Signing the Covenant in City Hall, Belfast (Ulster Museum)

and with him in several cases: ‘Carson was the greatest advocate the English Bar has produced since Erskine’; for Viscount Hailsham LC: ‘…the most brilliant advocate of his day’; for Edward Marshall Hall: ‘I have had to fight all the men who have made reputations …and you are the only advocate I have feared as an opponent’; and for Lord Atkin: ‘the greatest advocate of the lot’. In politics, Carson’s career was devoted to maintaining the Union of Great Britain with all Ireland, and to opposing Home Rule. When that Union could not stand, he devoted his energies to the narrower objective of preserving Ulster within it. Carson forged strong relationships with Conservative leaders, notably AJ Balfour and Bonar Law. He accepted the leadership of the Ulster Unionists and in 1912 inspired 417,414 men and women to sign the ‘Ulster Covenant’. He pledged, with them, to resist by ‘any means necessary’ the imposition of Home Rule, and he condoned the running of guns to Larne, to make that pledge meaningful. By 1914, Home Rule had still not been got through and, after the war, its imposition on Ulster was unattainable.
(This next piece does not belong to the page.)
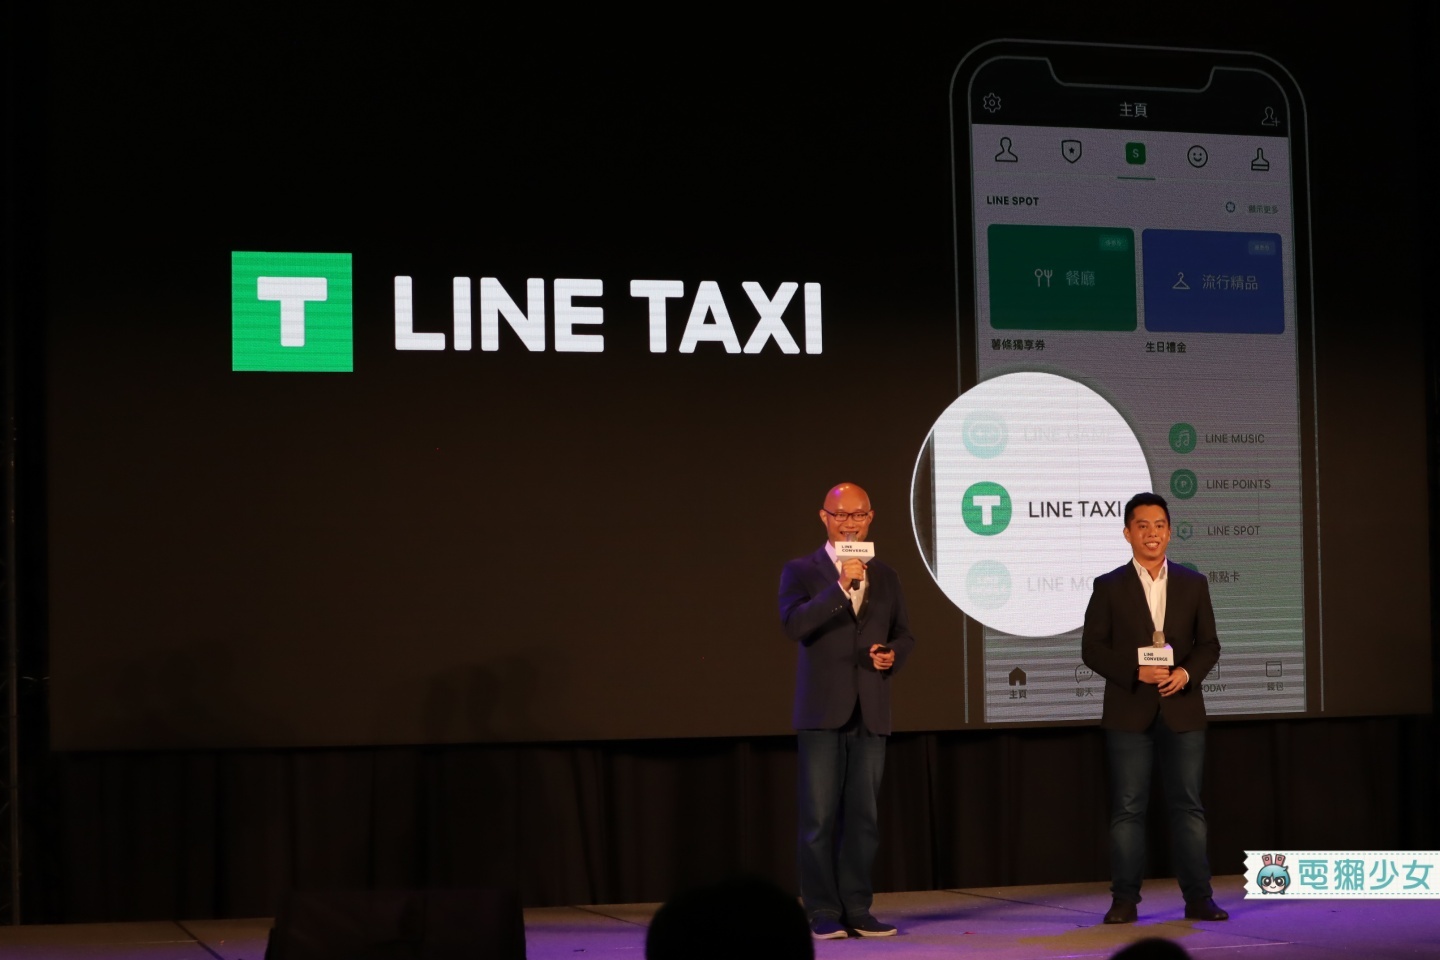 出門｜新功能！『 LINE TAXI 』用 LINE 就可以叫計程車！『 LINE SPOT 』幫你整理附近商店資訊，不用再煩惱要吃什麼啦！

Carson’s narrower objective thus succeeded, albeit with a Belfast Parliament rather than the Westminster one that Ulster and Carson had wanted.
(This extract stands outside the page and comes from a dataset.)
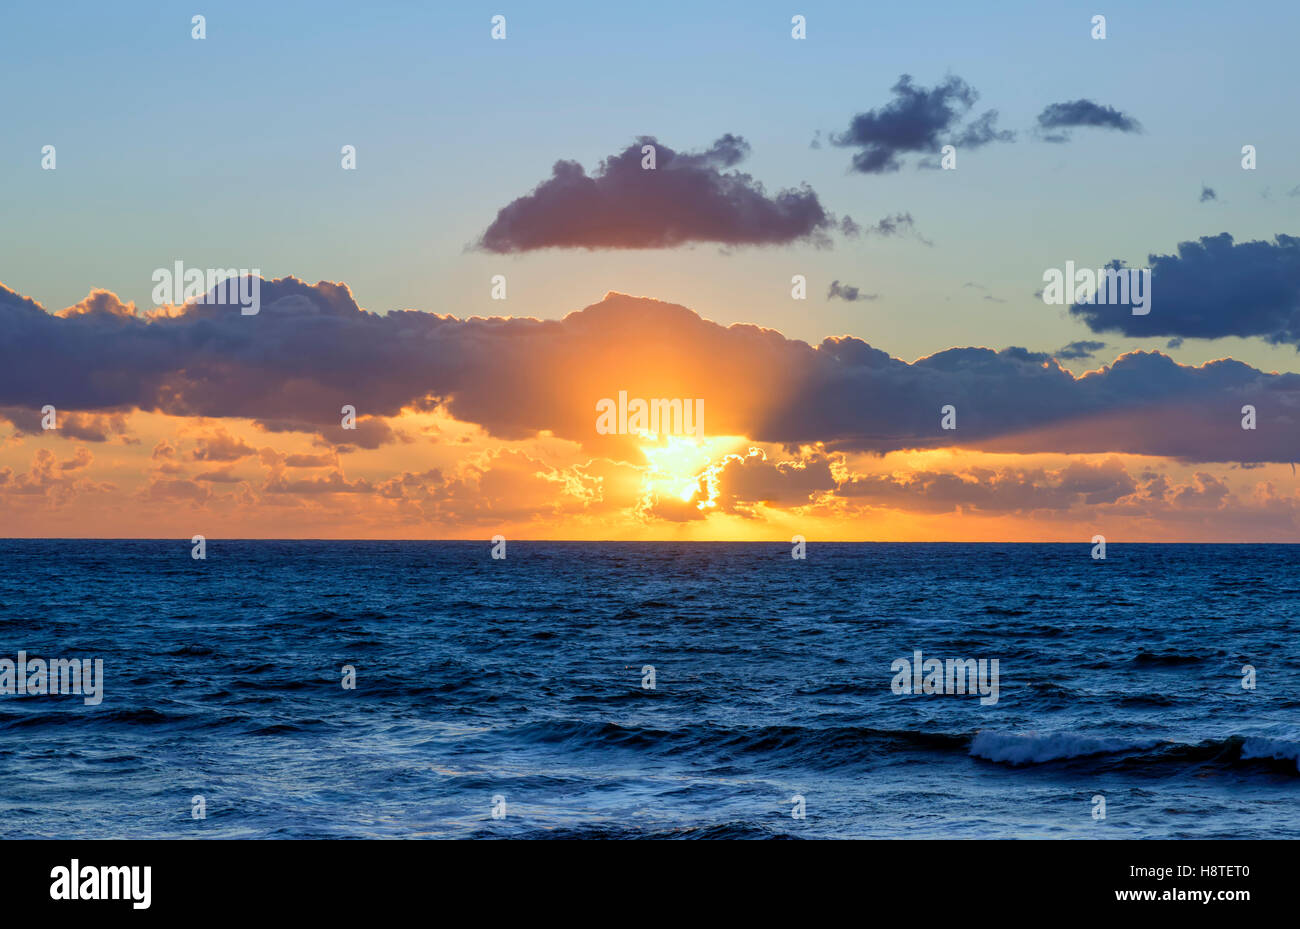 seascape, sunset, clouds, ocean, sunbeams. Stock Photo

Carson and his impact on Ulster and Ireland have attracted differing opinions. To Ulster unionists, Carson was ‘the man who laid down everything, sacrificed everything, to come across to Ulster and help her to save herself’ (per James Craig, later Lord Craigavon). To Nationalists, Republicans and others, Carson was, for all his acknowledged charisma and power, indifferent to the prevalent desire in Ireland as a whole for Home Rule or independence, content for Ulster’s unionism to trump Irish democracy, and willing to carry resistance to virtually any length, even if that led to partition or civil war.

What people of all persuasions agree is that Carson was a formidably effective spokesman for his cause, as

Carson about to speak at the Blenheim Palace Rally (House of Lord Records Office)
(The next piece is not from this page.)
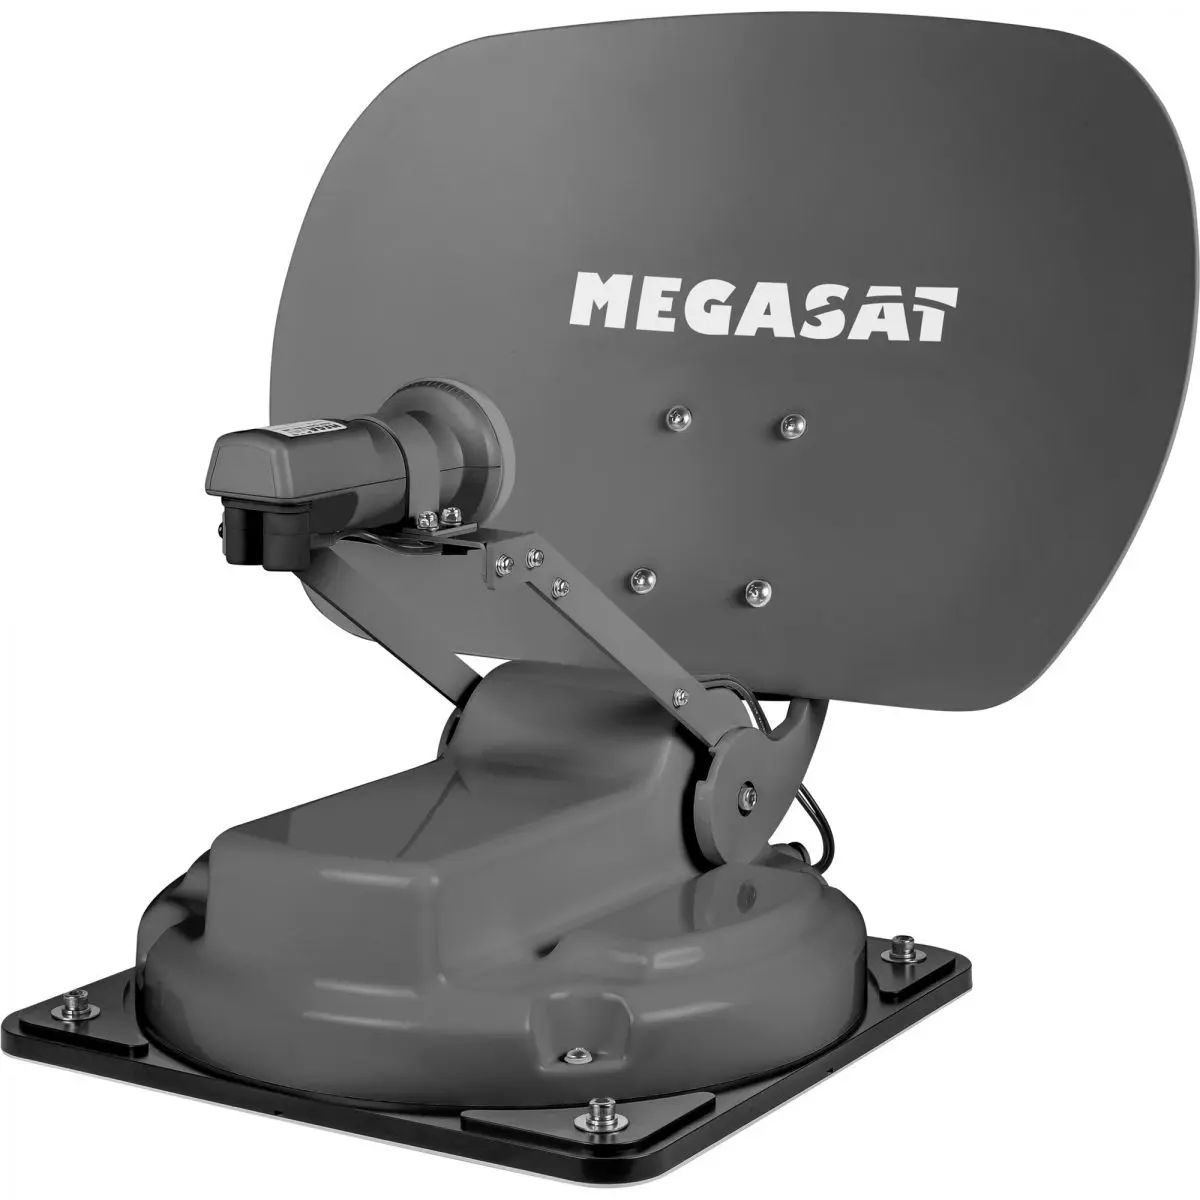 Megasat Caravanman Compact 3 műholdrendszer, grafit

persuasive in the House of Commons or at Ulster rallies as he had already shown himself to be in the law, before judges and juries. Nor was Carson’s political career set back – or even stalled – by his doughty and likely illegal actions in 1913/14. By May 1915 Carson was appointed Attorney General; and in December 1916, on Asquith’s resignation, First Lord of the Admiralty. In 1932, the Inn recognised Carson by commissioning Philip de Laszlo to paint him. A leading portraitist of the day, he declared his delight at painting ‘one of the most interesting and picturesque men of our times’. Carson had already twice been painted by that other great portraitist, Sir John Lavery, but neither work had pleased him, and neither possesses the mellow serenity, grace and obvious likeness of this rendering by de Laszlo. In 1958, a charming statuette of Carson enhanced our memorabilia. Alas, that was stolen many decades ago, leaving us to treasure our portrait all the more.

Statue of Sir Edward Carson, Stormont, Belfast

On Carson’s death, Britain accorded him a state funeral with full pomp. Conveyed to Belfast by warship, his coffin draped in the Union Jack was carried to St Anne’s Cathedral, where the choir sang his favourite hymn: I Vow to Thee, My Country. He remains the only person buried there; and, at Stormont, his statue retains today its solitary, lofty domination over Parliament Buildings that he hoped would never be required.